The terminology used herein is for the purpose of describing particular embodiments only and is not intended to be limiting of the disclosure. As used herein, the singular forms "a", "an" and "the" are intended to include the plural forms as well, unless the context clearly indicates otherwise. It will be further understood that the terms "comprises," "comprising," "includes" and/or "including," when used herein, specify the presence of stated features, integers, steps, operations, elements, and/or components, but do not preclude the presence or addition of one or more other features, integers, steps, operations, elements, components, and/or groups thereof.

Unless otherwise defined, all terms (including technical and scientific terms) used herein have the same meaning as commonly understood by one of ordinary skill in the art to which this disclosure belongs. It will be further understood that terms used herein should be interpreted as having a meaning that is consistent with their meaning in the context of this specification and the relevant art and will not be interpreted in an idealized or overly formal sense unless expressly so defined herein.

Fig. 1 illustrates an exemplary power module 10 according to one embodiment of the present disclosure. The power module 10 comprises two switching modules SM1 and SM2 controlled by a control system 12 to deliver power from a power source (dc+/DC-) to a load 14 in a controlled manner. As will be appreciated by those skilled in the art, the switching modules SM1 and SM2 form a half-bridge, the details of which are discussed below. Each of the switching modules SM1 and SM2 comprises at least a first transistor in anti-parallel with a first diode.
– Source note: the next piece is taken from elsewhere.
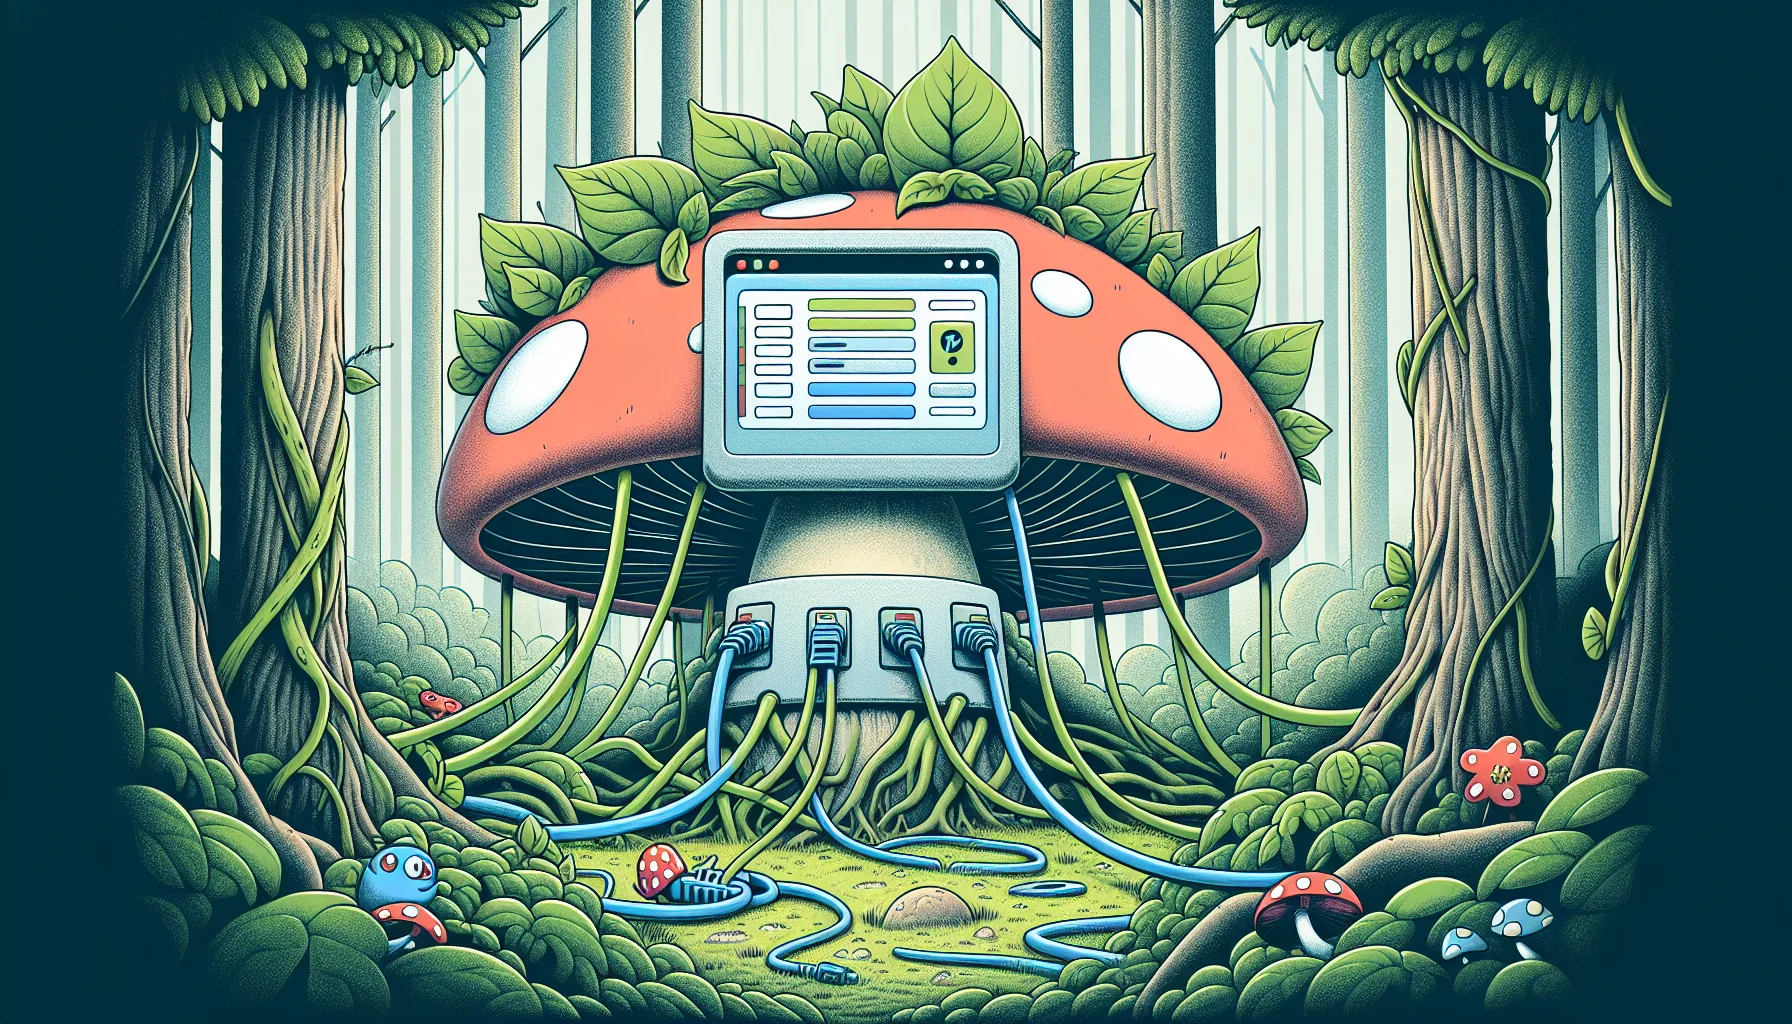 Design an amusing and engaging scene displaying a control panel for a website, similar in function to a concept like a wordpress cpanel, situated in an unexpectedly whimsical scenario. Perhaps the control panel is perched on an overgrown, cartoonish mushroom in a dense forest, with data streams resembling meandering vines extending from it. Enhance the humor by introducing a few digital creatures interacting with it, visually indicating ongoing website hosting and maintenance processes.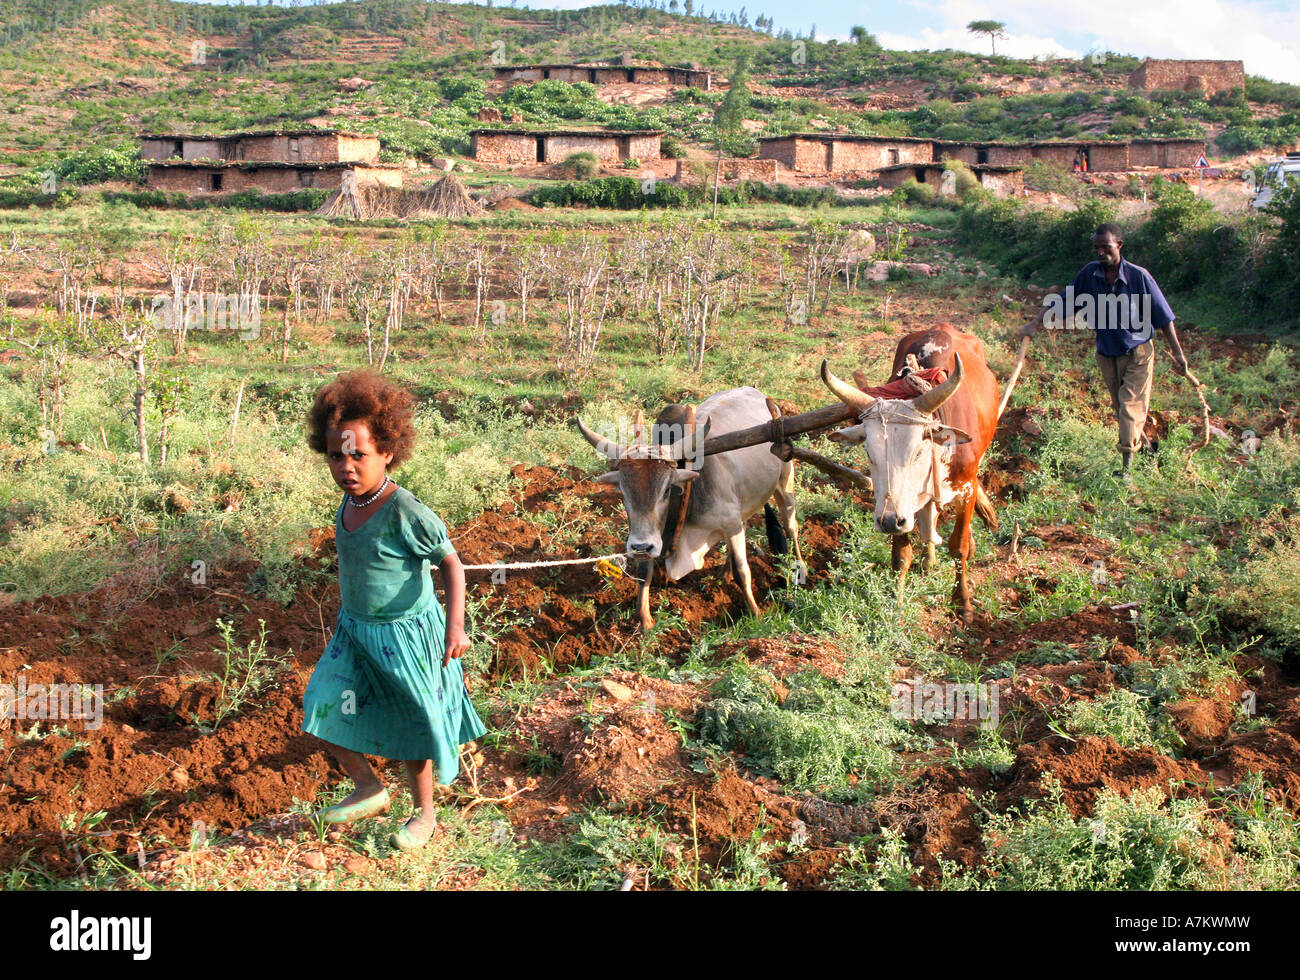 Ethiopia - a girl leads cattles in plowing her families farmland Stock Photo

Specifically, the first switching module SM1 includes a first transistor Q1 in antiparallel with a first diode D1, and the second switching module SM2 includes a second transistor Q2 in antiparallel with a second diode D2. In one embodiment, the first transistor Q1 and the second transistor Q2 are Metal Oxide Semiconductor Field Effect Transistors (MOSFETs). However, it will be apparent to those skilled in the art that any suitable switching device, such as, for example, insulated Gate Bipolar Transistors (IGBTs), field Effect Transistors (FETs), junction Field Effect Transistors (JFETs), high Electron Mobility Transistors (HEMTs), etc., may be used in the switching modules SM1 and SM2 without departing from the principles of the present disclosure. The first diode D1 and the second diode D2 may be schottky diodes, and in particular junction barrier schottky diodes. Again, it will be apparent to those skilled in the art that any suitable diode device, such as P-N diodes and PiN diodes, may be used for the switching modules SM1 and SM2 without departing from the principles of the present disclosure. In one embodiment, the second diode D1 and the second diode D2 are omitted and their functions are replaced by internal body diodes (internal body diode) of the first transistor Q1 and the second transistor Q2, respectively. The use of the internal body diodes of the first and second transistors Q1 and Q2 in place of the first and second diodes D1 and D2 may save space and cost in the power module 10.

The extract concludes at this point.